Re: Getting the JSON schema of commands

Noah Watkins <nwatkins@xxxxxxxxxx> · Mon, 3 Dec 2018 15:49:13 -0800

On Mon, Nov 19, 2018 at 7:52 AM Erwan Velu <evelu@xxxxxxxxxx> wrote:
>
>
> Le 16/11/2018 à 21:31, Sage Weil a écrit :
> > I can't really comment on golang here, but in python this is trivial:
> > either you can tolerate a missing key (e.g., by substituting a default
> > value), and use foo.get('field'[, 'default'[), or you can't tolerate it,
> > and use foo['field'] so that an exception is thrown if it's missing.
>
> I perfectly understand what you mean here which imply that every single
> external tool, as it will not be in a position to validate the json
> scheme will have to implement accessors with catch exception for every
> single part of the structure.
>
> That's also a lot of useless work.
>
> > [...]
> > I liked Noah's initial proposal because it was (1) not much work and (2)
> > focused on flagging changes before they are introduced, during make check
> > time, so that the developer can either fix their mistake or make a
> > conscious decision to change the output schema.
>
> This is a place where I'm not really comfortable. The scheme is made
> manually and from my experience, until you put the cluster in every
> possible state, you could miss some structures.
>
> Noah, how do you deal with this in your validation scheme ?

Circling back to this after vacation...

There are two validations that I see as relevant:

  1) structural
  2) relational

Validating schema to handle all the varieties of relational
differences would be a lot of work. As you point out, it's dependent
on system state--traditional live-system testing would not be
tractable, so we'd _have_ to factor out all internal representations
and then wrap them in APIs that enforce valid relations. My testing
doesn't attempt to do this, except for anything that I notice as
low-hanging fruit.

I do think that structural validation is tractable, and that's what
I'd like to complete if we end up agreeing on the approach.

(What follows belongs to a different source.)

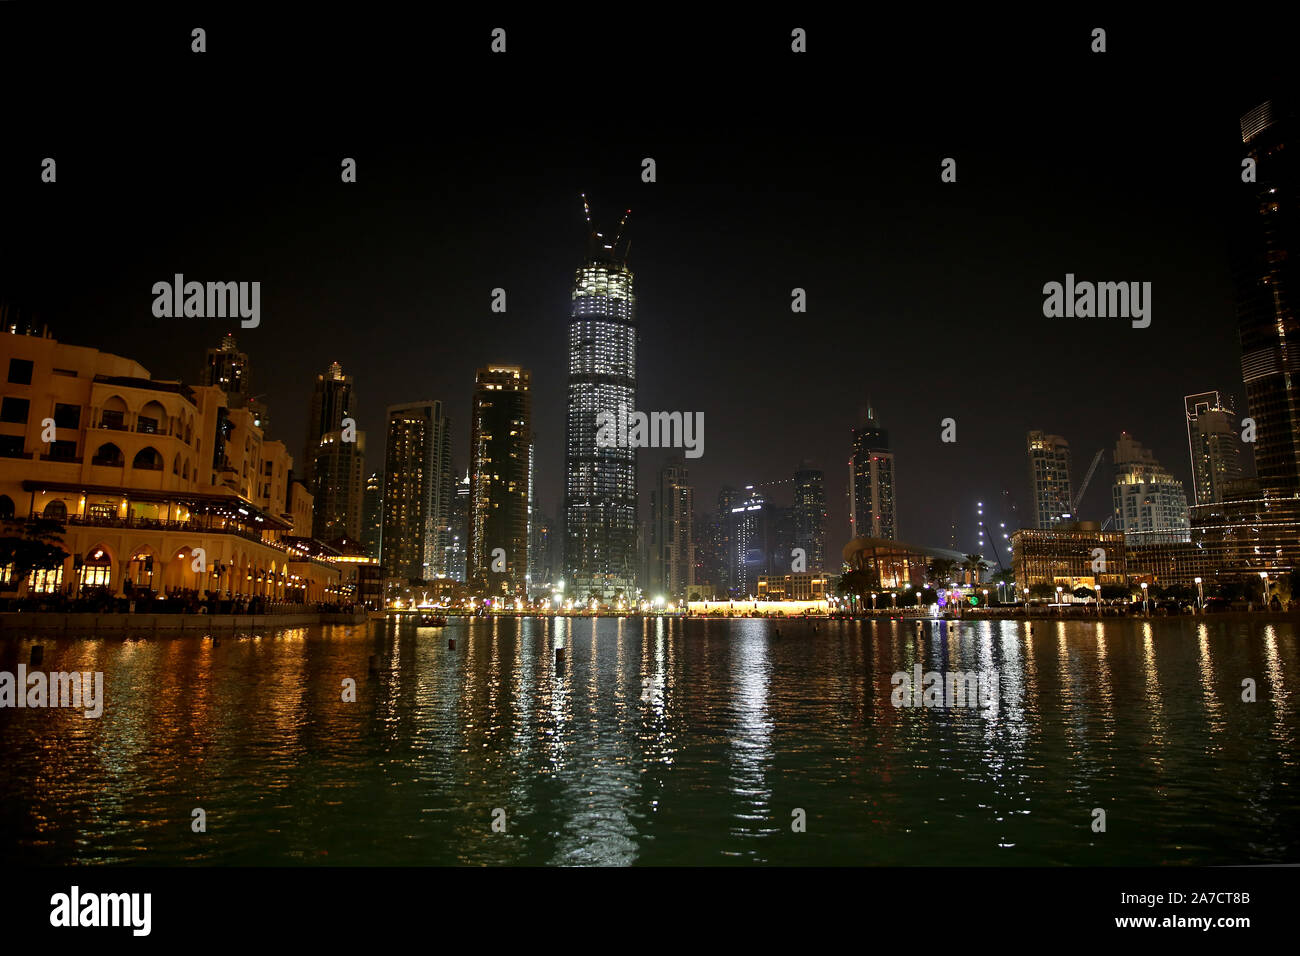 En el centro de la ciudad por la noche con todas las skyscrappers illluminated y reflejándose en el lago, Dubai, Emiratos Árabes Unidos. Foto de stock
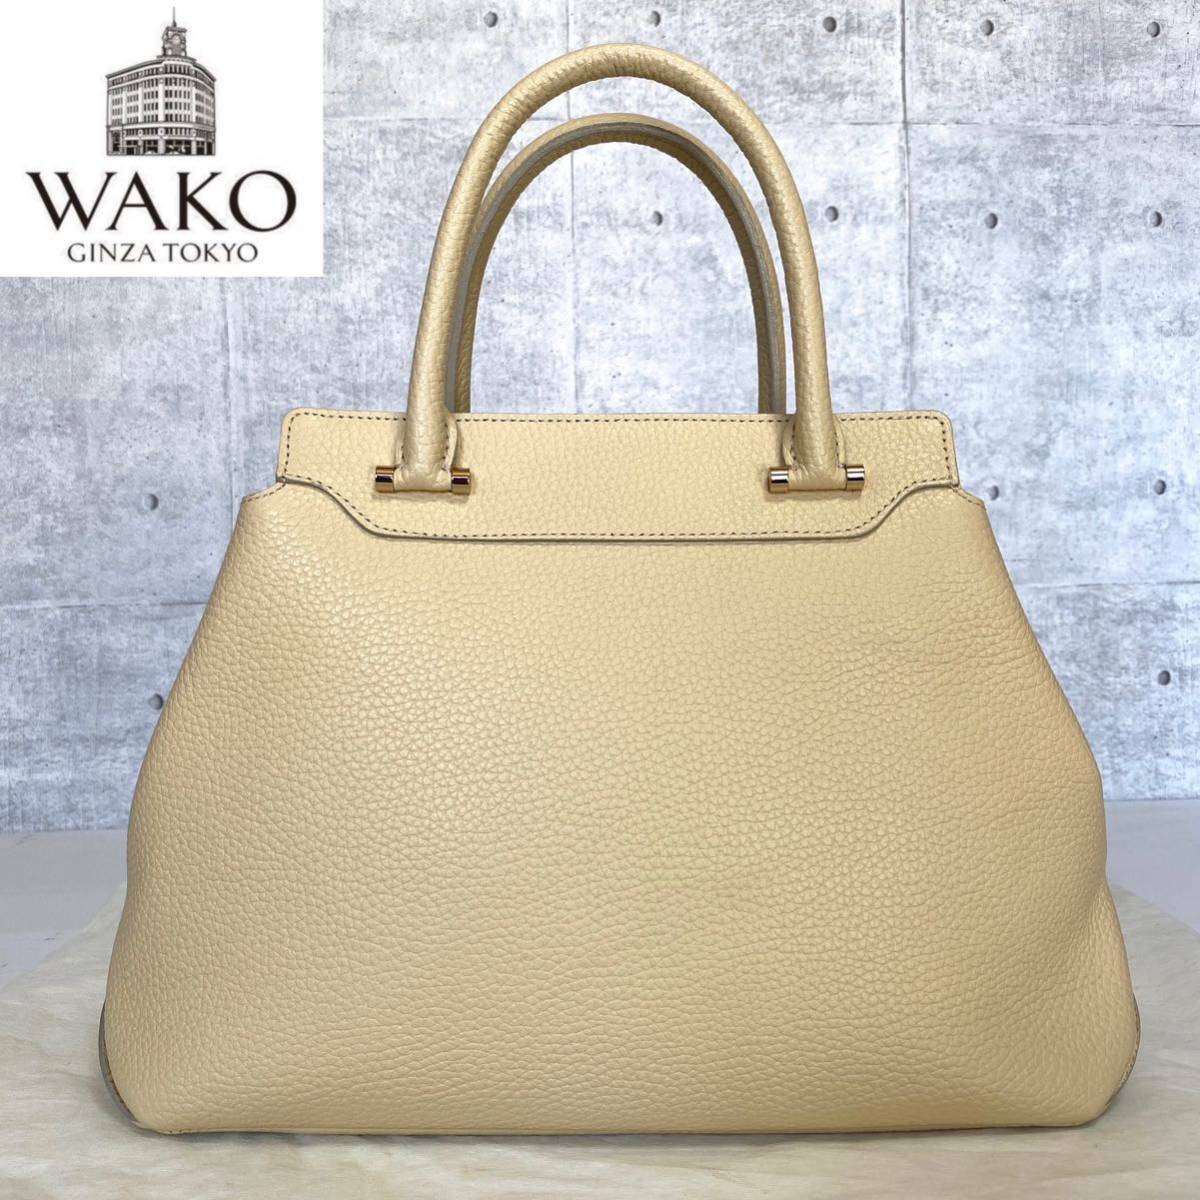 未使用級 WAKO ワコウ 銀座 和光 シボ革 ベージュ レザー ライトゴールド金具 ショルダー ハンドバッグ トートバッグ

I've found that there are two scenarios by which json output is produced:

  1) strict: output <-- to_json(my_data_structure)
  2) ad-hoc: free form calls to the JSON builder API

For case (1) life is like pretty easy. Make sure the schema covers
everything in the structure, and that the "generate_test_cases"
doesn't generate partially filled instanced (e.g. "list: []") since we
want to actually have test cases to validate.

For case (2) there really isn't any short cut other than to read the
code at this point. What I've found is the following to be helpful (a)
generate a schema for instance output of some cluster state, then (b)
read the code to fill in gaps in the schema that correspond to cluster
states not covered.

The goal I believe we should work towards is to migrate existing
instances of case (2) into instances of case (1). This would entail
(a) picking some target output (b) building an intermediate C++ data
structure that is true source of the JSON serialization and (c)
writing test cases that fully enumerate possible instances of the
schema.

- Noah